— DATA FOR THE TASK —

════════════════

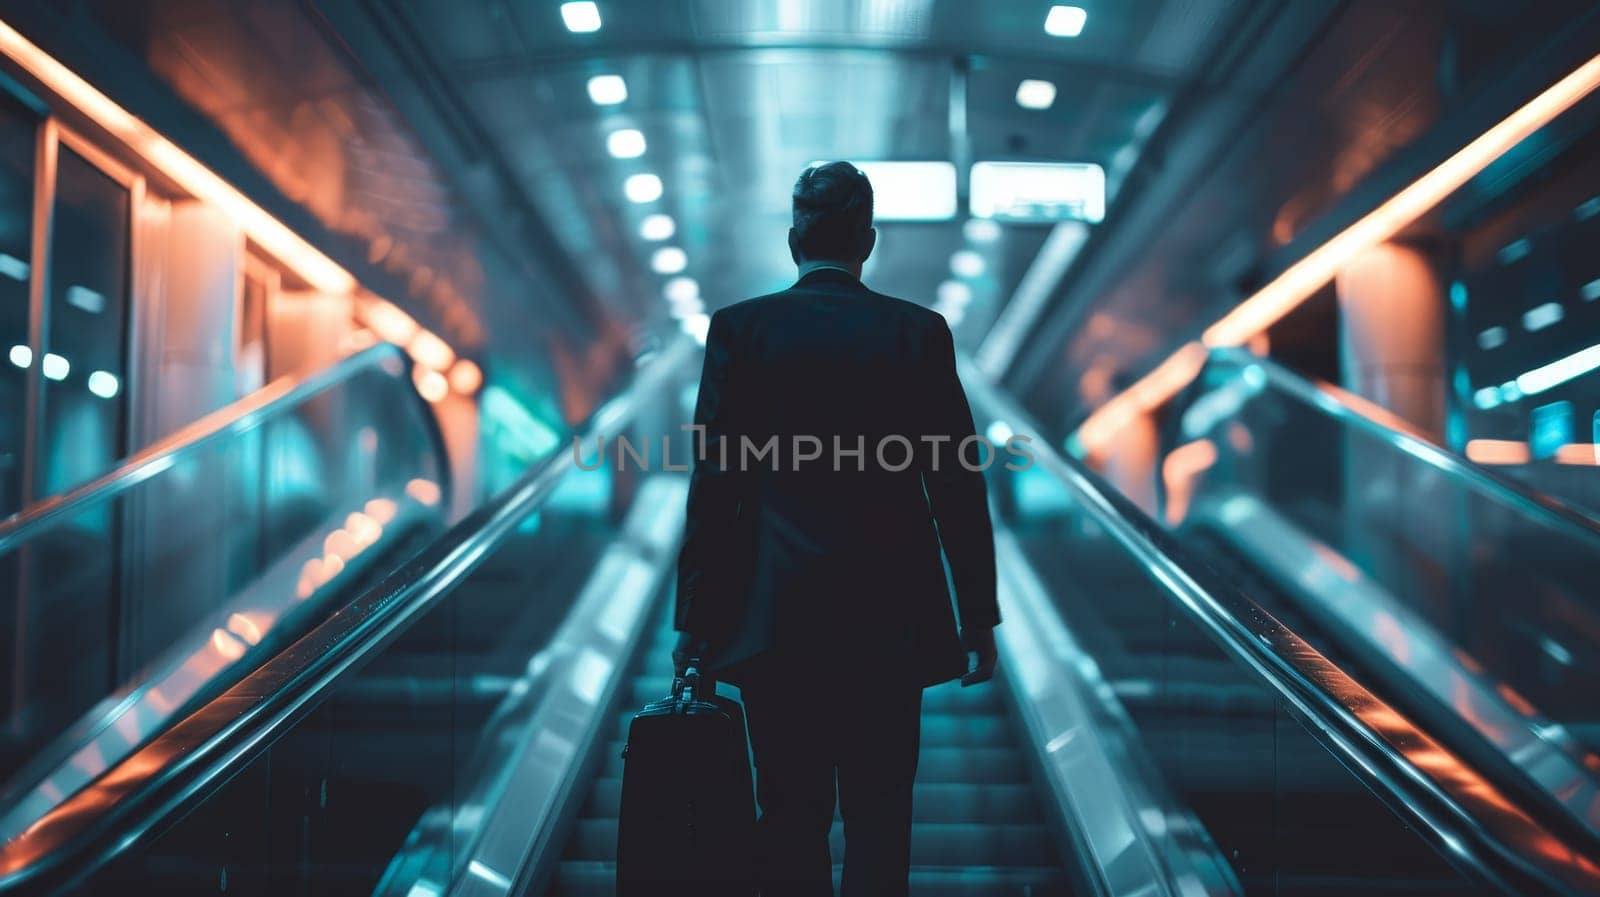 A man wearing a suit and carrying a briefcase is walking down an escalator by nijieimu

════════════════

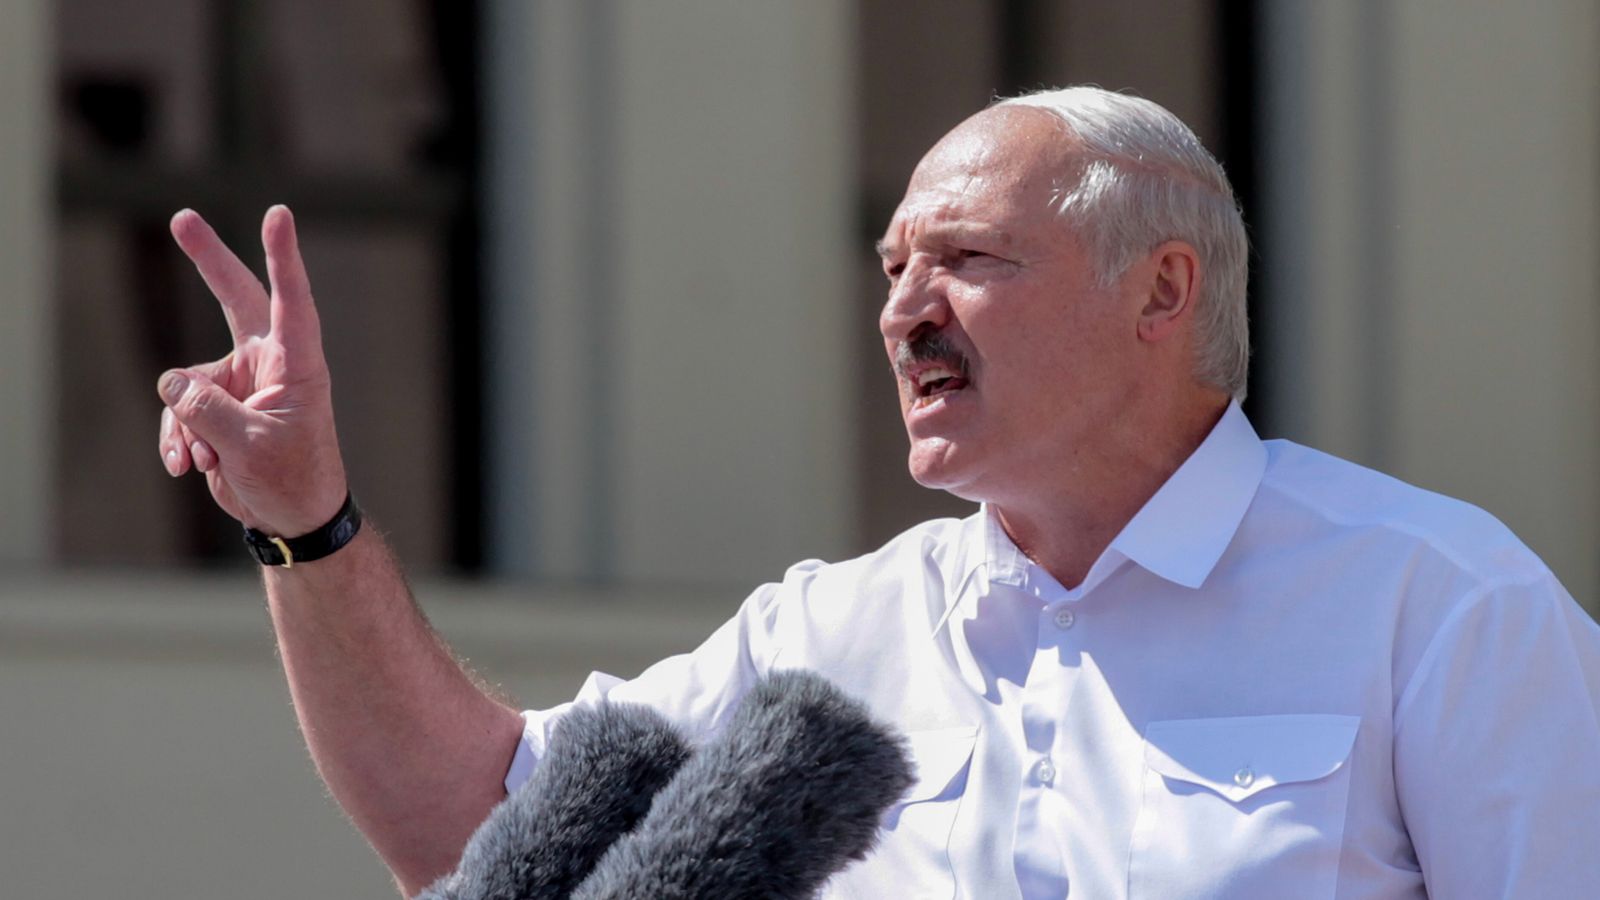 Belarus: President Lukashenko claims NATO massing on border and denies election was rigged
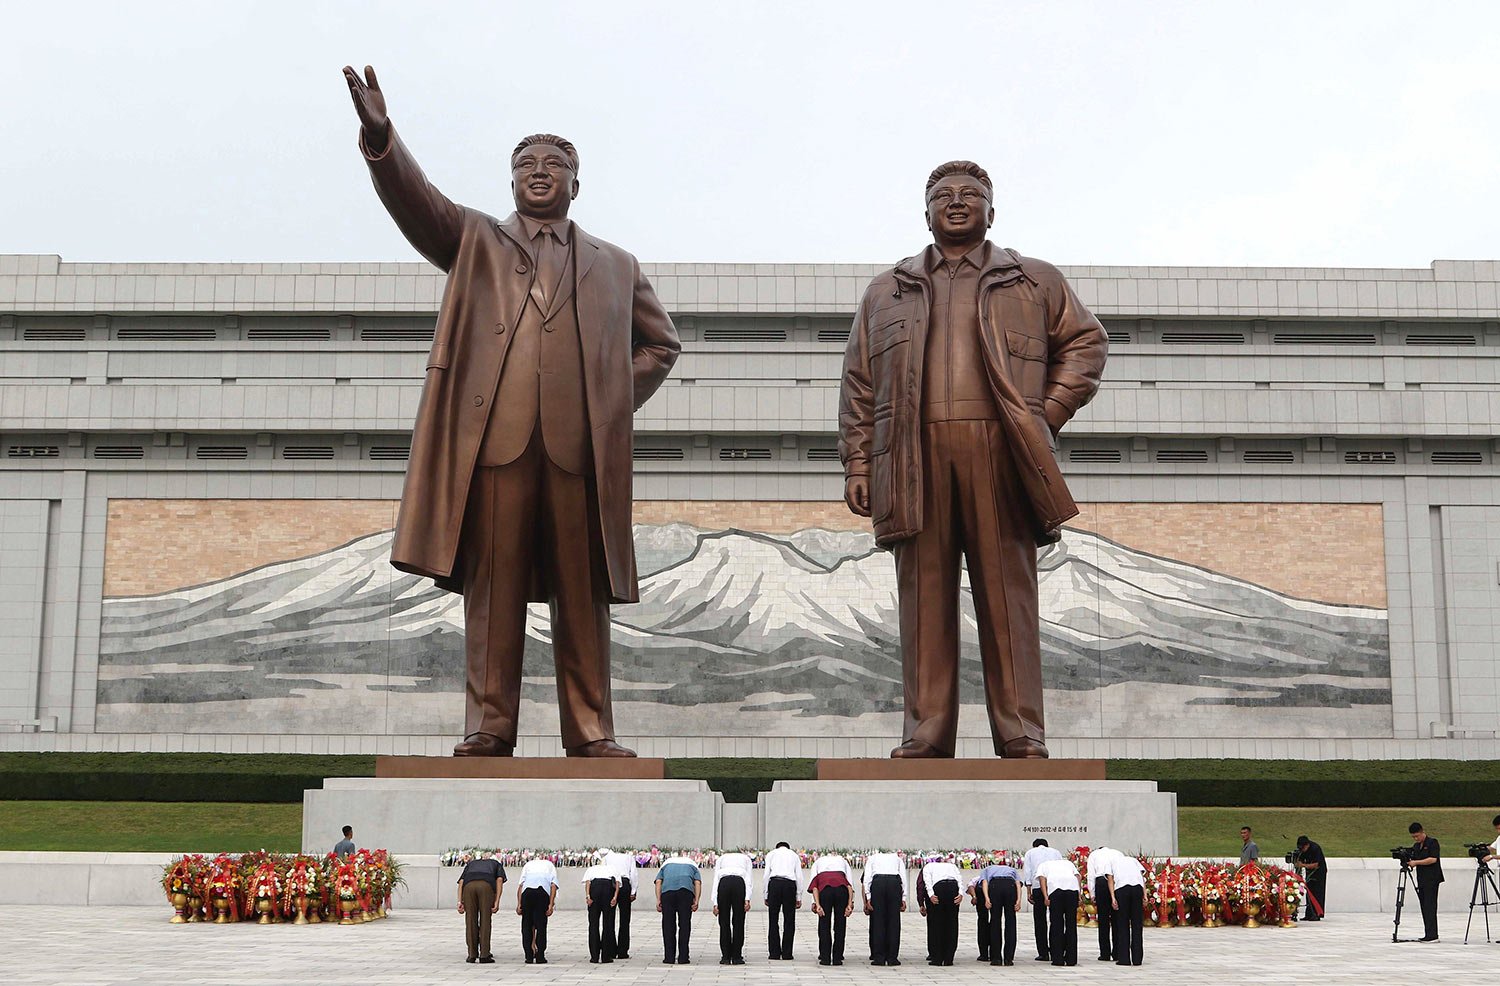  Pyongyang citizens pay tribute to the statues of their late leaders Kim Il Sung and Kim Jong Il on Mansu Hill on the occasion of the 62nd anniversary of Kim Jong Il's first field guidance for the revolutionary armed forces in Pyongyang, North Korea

════════════════

— WORK TO COMPLETE —
Within the material above, only the stretch from the line holding "Belarus: President Lukashenko" through the line holding "Pyongyang citizens pay" is to be restated exactly. Pictures are dropped.

— WRITTEN RESPONSE —
 Belarus: President Lukashenko claims NATO massing on border and denies election was rigged
  Pyongyang citizens pay tribute to the statues of their late leaders Kim Il Sung and Kim Jong Il on Mansu Hill on the occasion of the 62nd anniversary of Kim Jong Il's first field guidance for the revolutionary armed forces in Pyongyang, North Korea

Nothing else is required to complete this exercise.